Recalls Mukundan, “As a cricketer, I was on a tour of the United States in 1976. During the trip, I took time out to explore the American plant industry — centred in Florida — and met one of its icons Dr. Monroe Birdsey. Monroe put me on to a renowned foliage breeder, who was at that time working on aglaonemas.”

Learning that Mukundan hailed from a family of highly educated horticulturists, including the inimitable K.S. Gopalswamy Iyengar, and noticing his deep interest in plants, this foliage breeder encouraged him to take up work on foliage plants, especially aglaonemas.

With his formal education in horticulture and his grandfather's legacy — which includes a vast body of published writings on the subject — as guiding lights, Mukundan plunged into experimenting with these plants. His focus on evolving aglaonema hybrids that would resist intense cold drove him to various places, including the India-Nepal border. He was also selecting and cross-breeding varieties to meet the requirement of buyers in the West such as high leaf count. His work got noticed.

One after the other, two big U.S. horticulture companies, driven by a desire to diversify into foliage plants, roped Mukundan in for projects. After raising his hopes for a breakthrough, they discontinued their projects suddenly. “Finally, we realised we should get to the roots and make the growers interested in our hybrids,” recalls Mukundan. A surge in demand for potted plants in the 1990s also helped him. When the breakthrough finally came in the latter period of the decade, Mukundan could honestly say he deserved it.

The patience and determination with which he worked his way into the American market have not waned.
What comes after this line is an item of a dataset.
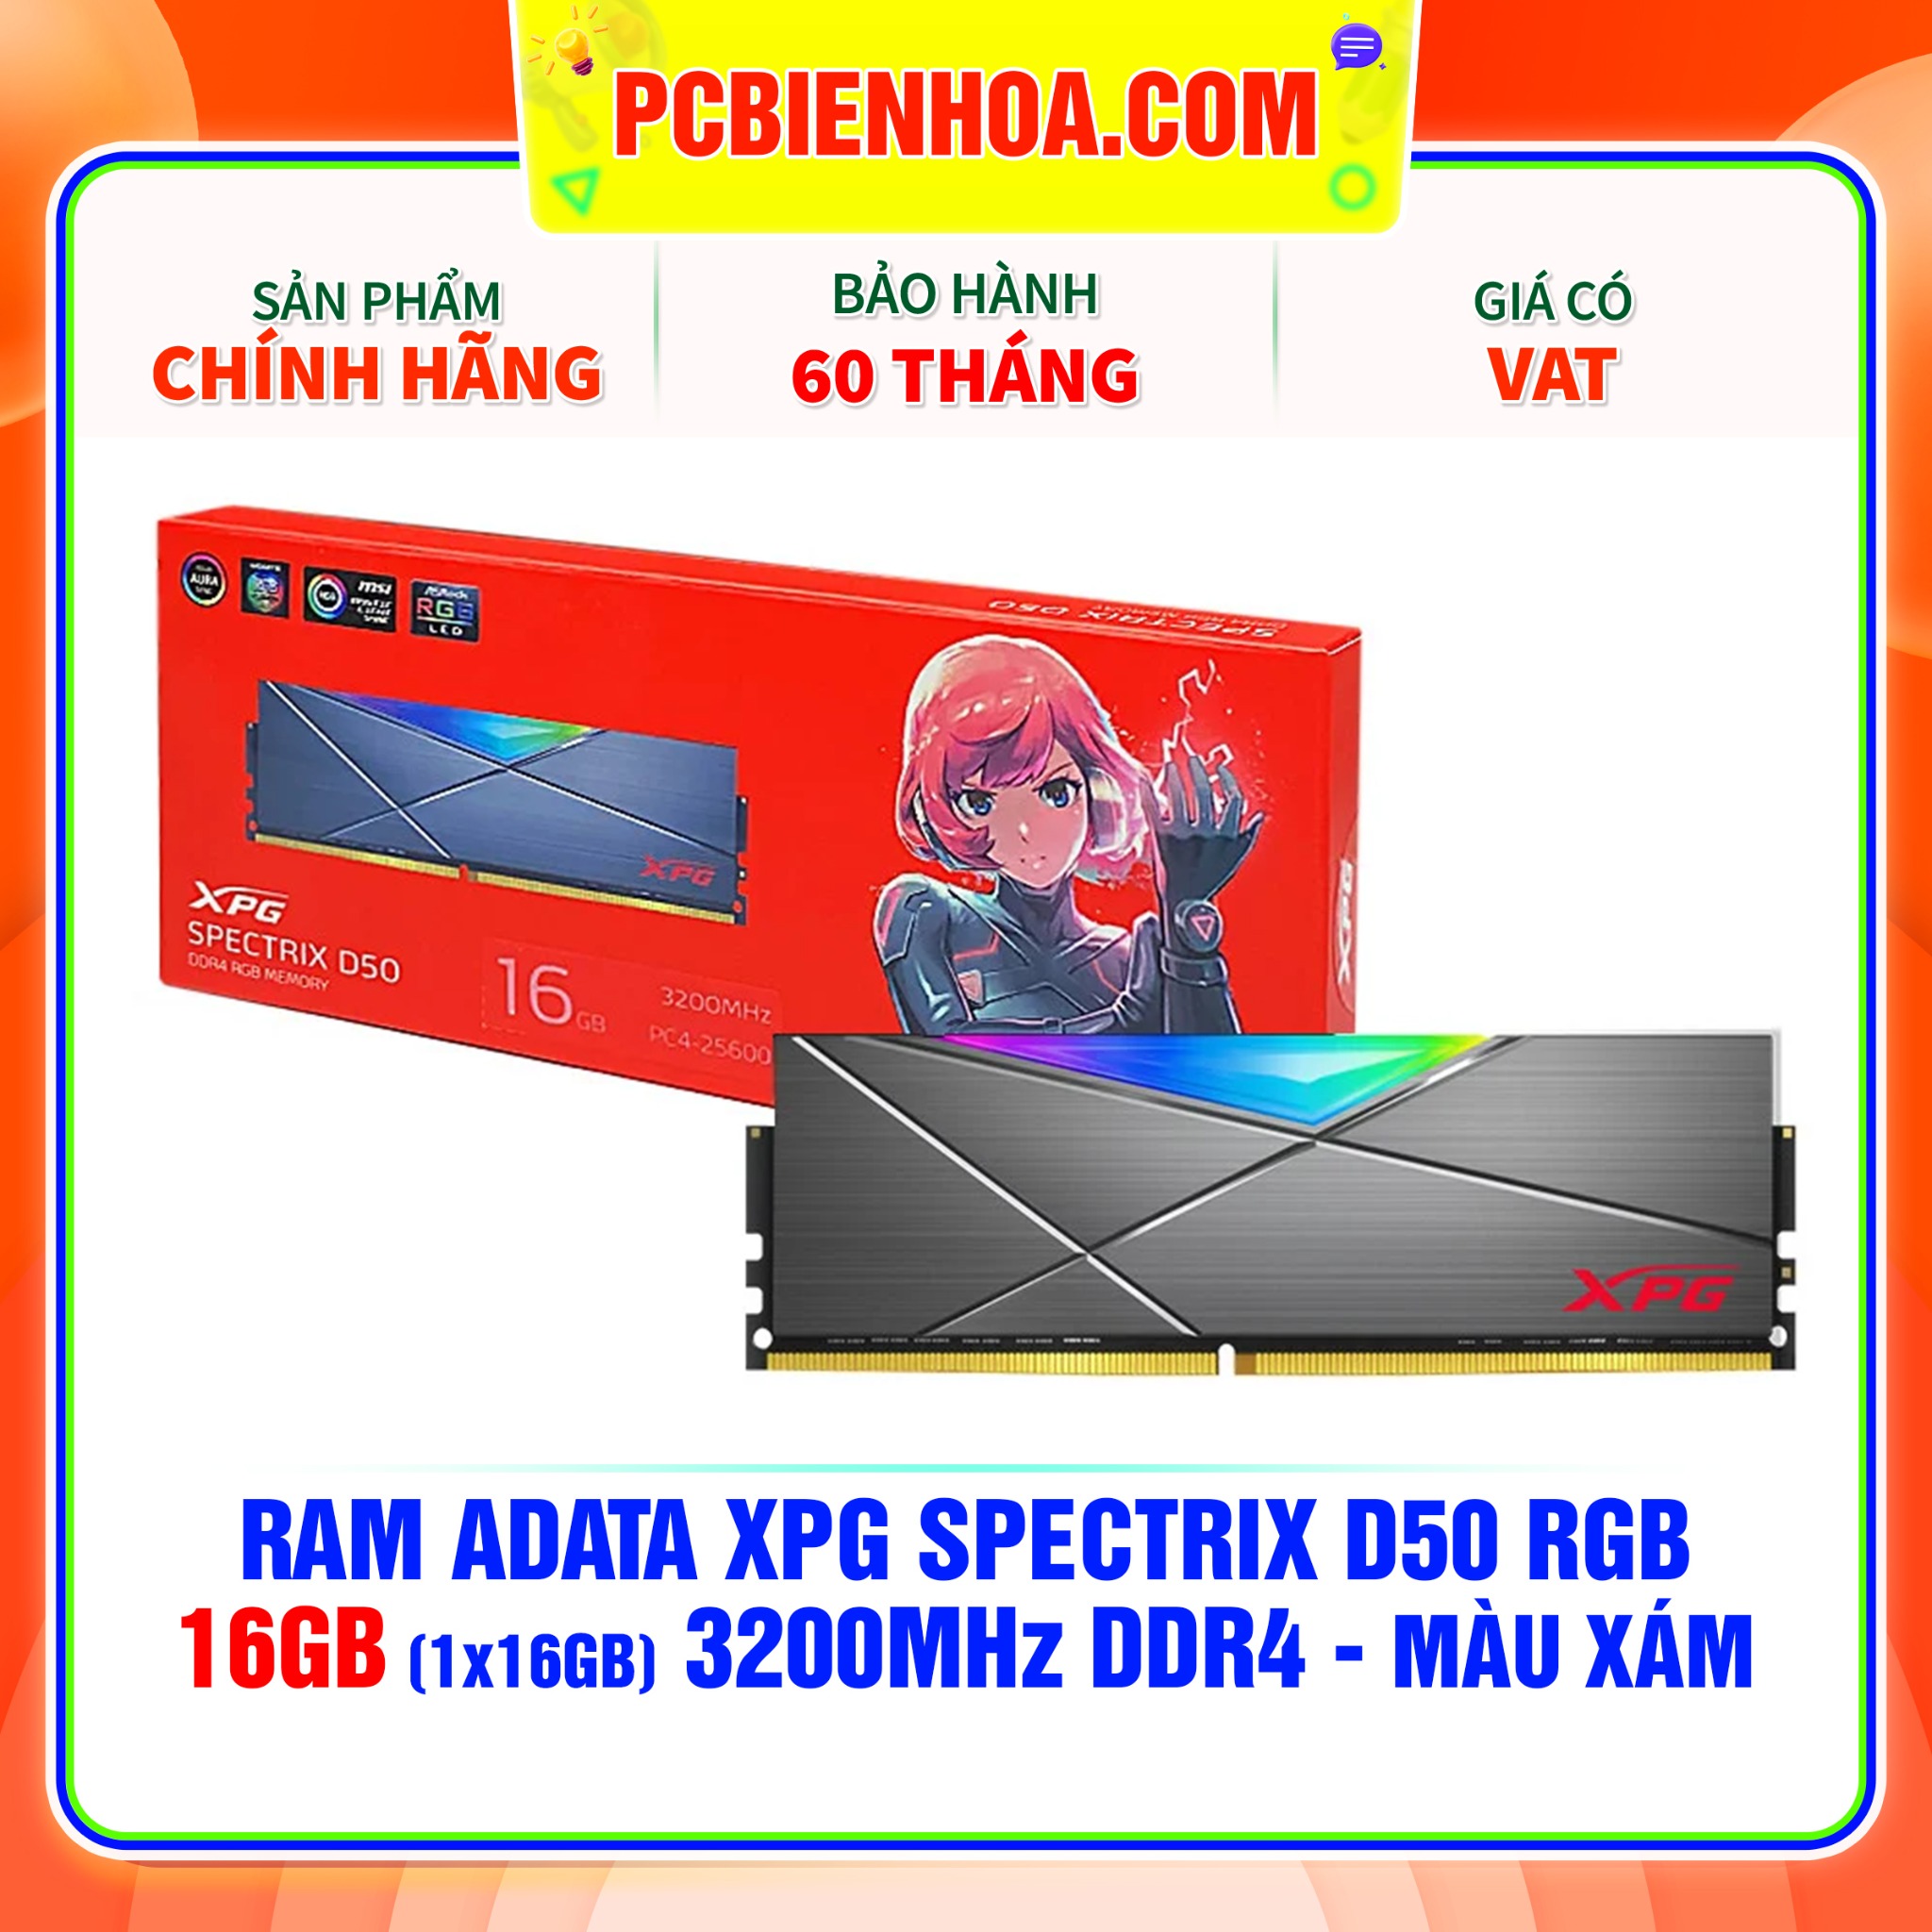 RAM ADATA XPG SPECTRIX D50 RGB - 16GB 3200MHZ DDR4 - MÀU XÁM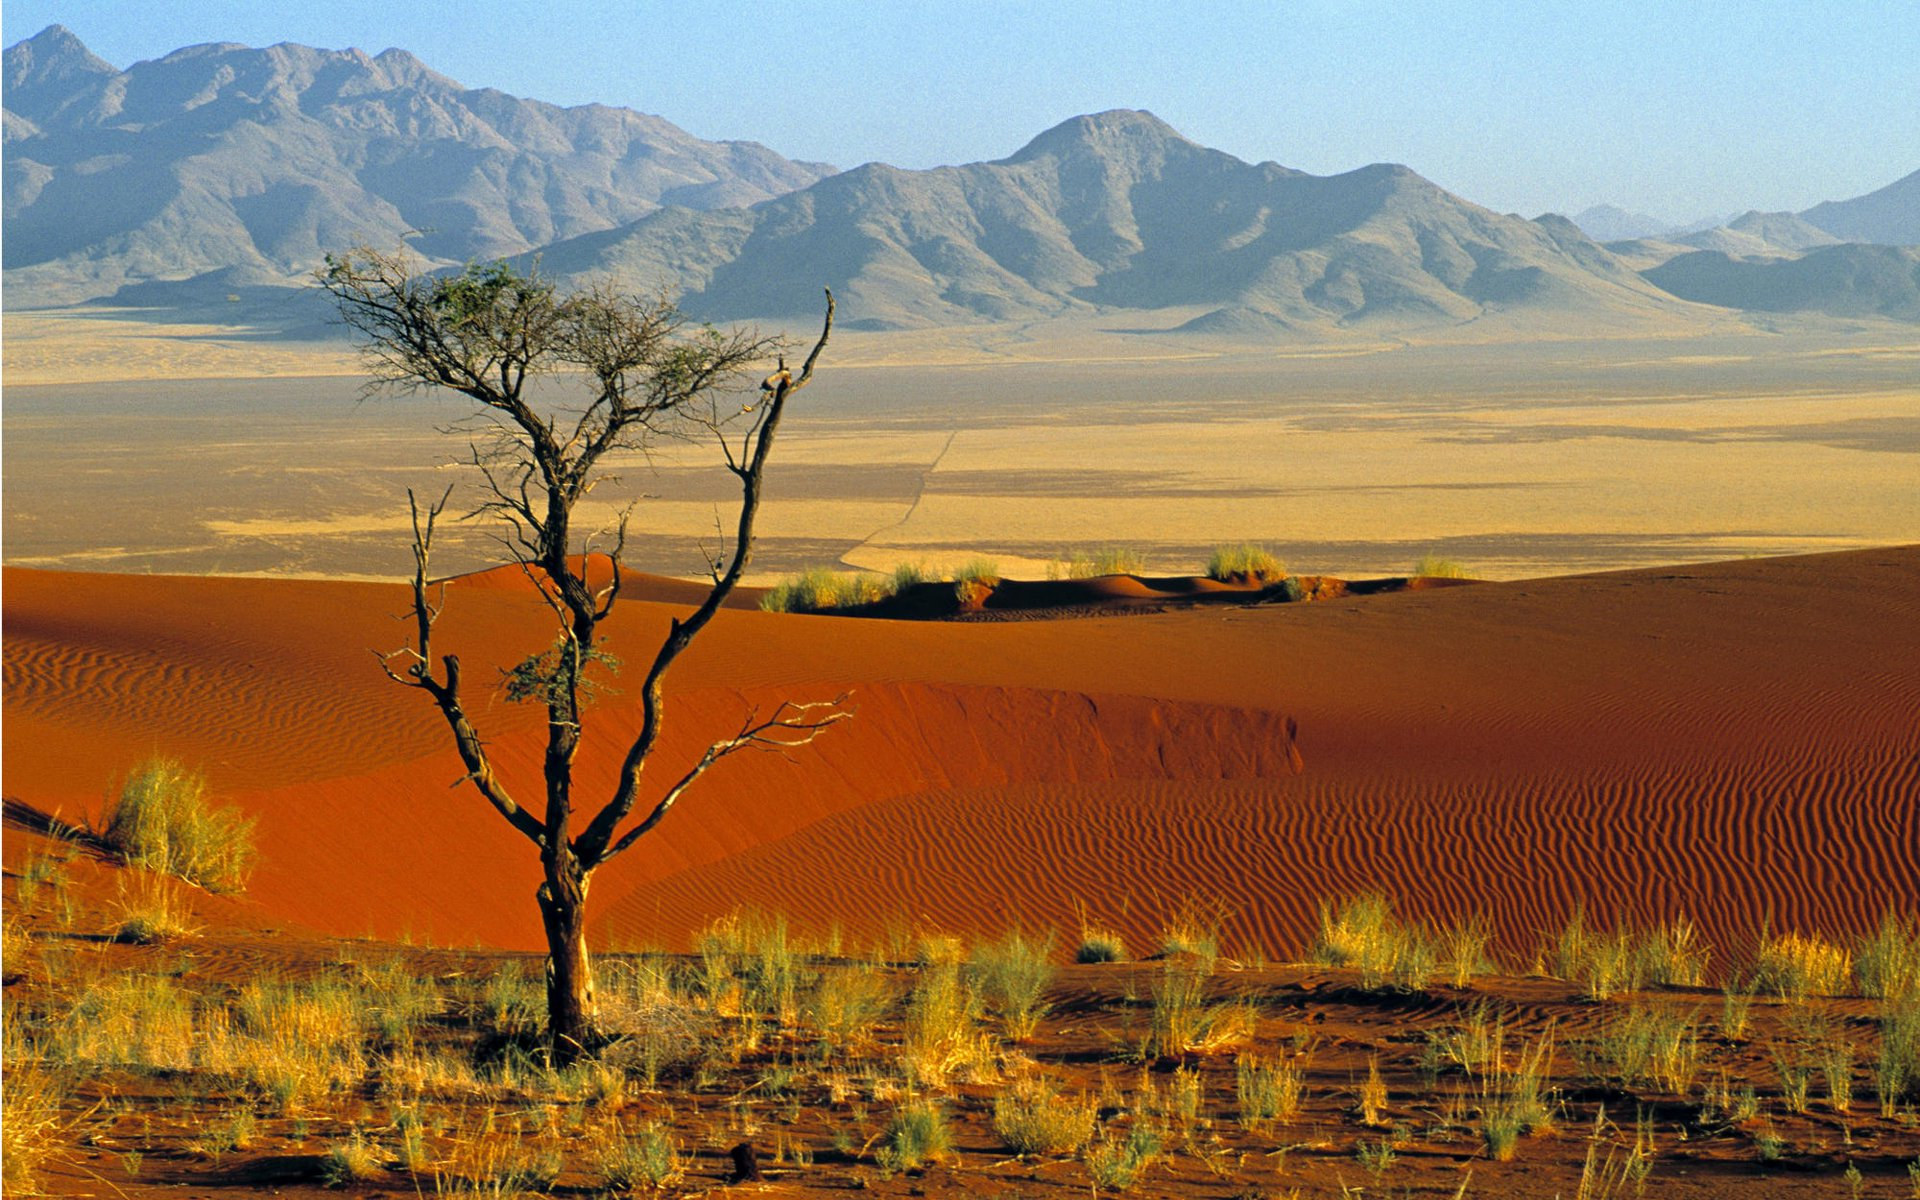 Namibrand Nature Reserve

Mukundan is as busy as ever, shuttling between his two horticulture farms — one in Thiruporur and the other, on the Mysore Road — and carrying out new plant trials.

“Breeding foliage plants feeds off my regular business,” says Mukundan. This includes running a nursery, taking up landscaping and landscaping maintenance projects and installing gardens in factories. Besides being a brain behind the green building initiative that earned Turbo Energy a platinum rating, he has designed and created five cricket grounds in Tamil Nadu that are being supported by corporates.

While overcoming such challenges gives him immense satisfaction, he's yet to find something that can rival the joy that comes from laboriously working on a vast set of plants for years and creating something totally new and beautiful out of them.